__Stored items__
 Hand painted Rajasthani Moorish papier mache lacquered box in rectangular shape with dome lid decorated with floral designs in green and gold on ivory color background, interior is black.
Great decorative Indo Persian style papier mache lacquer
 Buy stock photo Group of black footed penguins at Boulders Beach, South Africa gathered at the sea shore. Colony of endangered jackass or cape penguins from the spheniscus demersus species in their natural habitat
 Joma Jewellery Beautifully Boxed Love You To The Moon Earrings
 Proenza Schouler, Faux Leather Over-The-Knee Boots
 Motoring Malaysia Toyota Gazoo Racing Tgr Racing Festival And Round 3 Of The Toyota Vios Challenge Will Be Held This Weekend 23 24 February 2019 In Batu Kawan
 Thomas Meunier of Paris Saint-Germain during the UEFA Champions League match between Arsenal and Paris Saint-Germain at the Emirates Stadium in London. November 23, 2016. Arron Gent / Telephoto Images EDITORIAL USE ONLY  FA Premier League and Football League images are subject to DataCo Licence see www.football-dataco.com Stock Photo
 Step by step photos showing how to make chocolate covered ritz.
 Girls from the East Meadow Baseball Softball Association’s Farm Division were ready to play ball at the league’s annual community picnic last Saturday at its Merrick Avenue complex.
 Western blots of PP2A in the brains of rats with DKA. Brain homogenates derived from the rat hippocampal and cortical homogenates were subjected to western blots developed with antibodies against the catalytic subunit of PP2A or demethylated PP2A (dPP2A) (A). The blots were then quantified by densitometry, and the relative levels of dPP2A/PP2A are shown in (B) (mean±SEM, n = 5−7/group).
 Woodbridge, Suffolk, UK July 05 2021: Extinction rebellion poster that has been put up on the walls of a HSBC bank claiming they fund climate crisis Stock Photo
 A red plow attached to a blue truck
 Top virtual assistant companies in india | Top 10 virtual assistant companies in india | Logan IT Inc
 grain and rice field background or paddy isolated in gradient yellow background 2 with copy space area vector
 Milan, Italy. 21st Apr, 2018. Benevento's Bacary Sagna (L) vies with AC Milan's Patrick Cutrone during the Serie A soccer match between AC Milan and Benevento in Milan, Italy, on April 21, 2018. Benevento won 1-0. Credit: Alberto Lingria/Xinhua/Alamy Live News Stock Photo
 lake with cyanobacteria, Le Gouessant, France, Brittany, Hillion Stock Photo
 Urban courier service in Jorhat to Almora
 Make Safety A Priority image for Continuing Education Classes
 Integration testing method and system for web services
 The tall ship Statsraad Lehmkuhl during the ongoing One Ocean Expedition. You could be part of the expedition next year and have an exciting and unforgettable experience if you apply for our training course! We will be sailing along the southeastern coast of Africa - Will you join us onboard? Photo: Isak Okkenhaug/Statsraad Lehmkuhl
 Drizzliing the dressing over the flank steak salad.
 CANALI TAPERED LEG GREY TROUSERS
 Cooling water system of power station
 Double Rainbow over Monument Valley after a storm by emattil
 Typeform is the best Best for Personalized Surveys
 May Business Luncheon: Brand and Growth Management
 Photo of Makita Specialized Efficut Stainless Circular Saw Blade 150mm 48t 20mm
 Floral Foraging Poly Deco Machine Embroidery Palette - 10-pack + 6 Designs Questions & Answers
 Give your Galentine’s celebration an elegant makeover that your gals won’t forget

__TASK DESCRIPTION__
Each line above must be reproduced exactly as it stands.

__ANSWER FOR THIS EXERCISE__
 Hand painted Rajasthani Moorish papier mache lacquered box in rectangular shape with dome lid decorated with floral designs in green and gold on ivory color background, interior is black.
Great decorative Indo Persian style papier mache lacquer
 Buy stock photo Group of black footed penguins at Boulders Beach, South Africa gathered at the sea shore. Colony of endangered jackass or cape penguins from the spheniscus demersus species in their natural habitat
 Joma Jewellery Beautifully Boxed Love You To The Moon Earrings
 Proenza Schouler, Faux Leather Over-The-Knee Boots
 Motoring Malaysia Toyota Gazoo Racing Tgr Racing Festival And Round 3 Of The Toyota Vios Challenge Will Be Held This Weekend 23 24 February 2019 In Batu Kawan
 Thomas Meunier of Paris Saint-Germain during the UEFA Champions League match between Arsenal and Paris Saint-Germain at the Emirates Stadium in London. November 23, 2016. Arron Gent / Telephoto Images EDITORIAL USE ONLY  FA Premier League and Football League images are subject to DataCo Licence see www.football-dataco.com Stock Photo
 Step by step photos showing how to make chocolate covered ritz.
 Girls from the East Meadow Baseball Softball Association’s Farm Division were ready to play ball at the league’s annual community picnic last Saturday at its Merrick Avenue complex.
 Western blots of PP2A in the brains of rats with DKA. Brain homogenates derived from the rat hippocampal and cortical homogenates were subjected to western blots developed with antibodies against the catalytic subunit of PP2A or demethylated PP2A (dPP2A) (A). The blots were then quantified by densitometry, and the relative levels of dPP2A/PP2A are shown in (B) (mean±SEM, n = 5−7/group).
 Woodbridge, Suffolk, UK July 05 2021: Extinction rebellion poster that has been put up on the walls of a HSBC bank claiming they fund climate crisis Stock Photo
 A red plow attached to a blue truck
 Top virtual assistant companies in india | Top 10 virtual assistant companies in india | Logan IT Inc
 grain and rice field background or paddy isolated in gradient yellow background 2 with copy space area vector
 Milan, Italy. 21st Apr, 2018. Benevento's Bacary Sagna (L) vies with AC Milan's Patrick Cutrone during the Serie A soccer match between AC Milan and Benevento in Milan, Italy, on April 21, 2018. Benevento won 1-0. Credit: Alberto Lingria/Xinhua/Alamy Live News Stock Photo
 lake with cyanobacteria, Le Gouessant, France, Brittany, Hillion Stock Photo
 Urban courier service in Jorhat to Almora
 Make Safety A Priority image for Continuing Education Classes
 Integration testing method and system for web services
 The tall ship Statsraad Lehmkuhl during the ongoing One Ocean Expedition. You could be part of the expedition next year and have an exciting and unforgettable experience if you apply for our training course! We will be sailing along the southeastern coast of Africa - Will you join us onboard? Photo: Isak Okkenhaug/Statsraad Lehmkuhl
 Drizzliing the dressing over the flank steak salad.
 CANALI TAPERED LEG GREY TROUSERS
 Cooling water system of power station
 Double Rainbow over Monument Valley after a storm by emattil
 Typeform is the best Best for Personalized Surveys
 May Business Luncheon: Brand and Growth Management
 Photo of Makita Specialized Efficut Stainless Circular Saw Blade 150mm 48t 20mm
 Floral Foraging Poly Deco Machine Embroidery Palette - 10-pack + 6 Designs Questions & Answers
 Give your Galentine’s celebration an elegant makeover that your gals won’t forget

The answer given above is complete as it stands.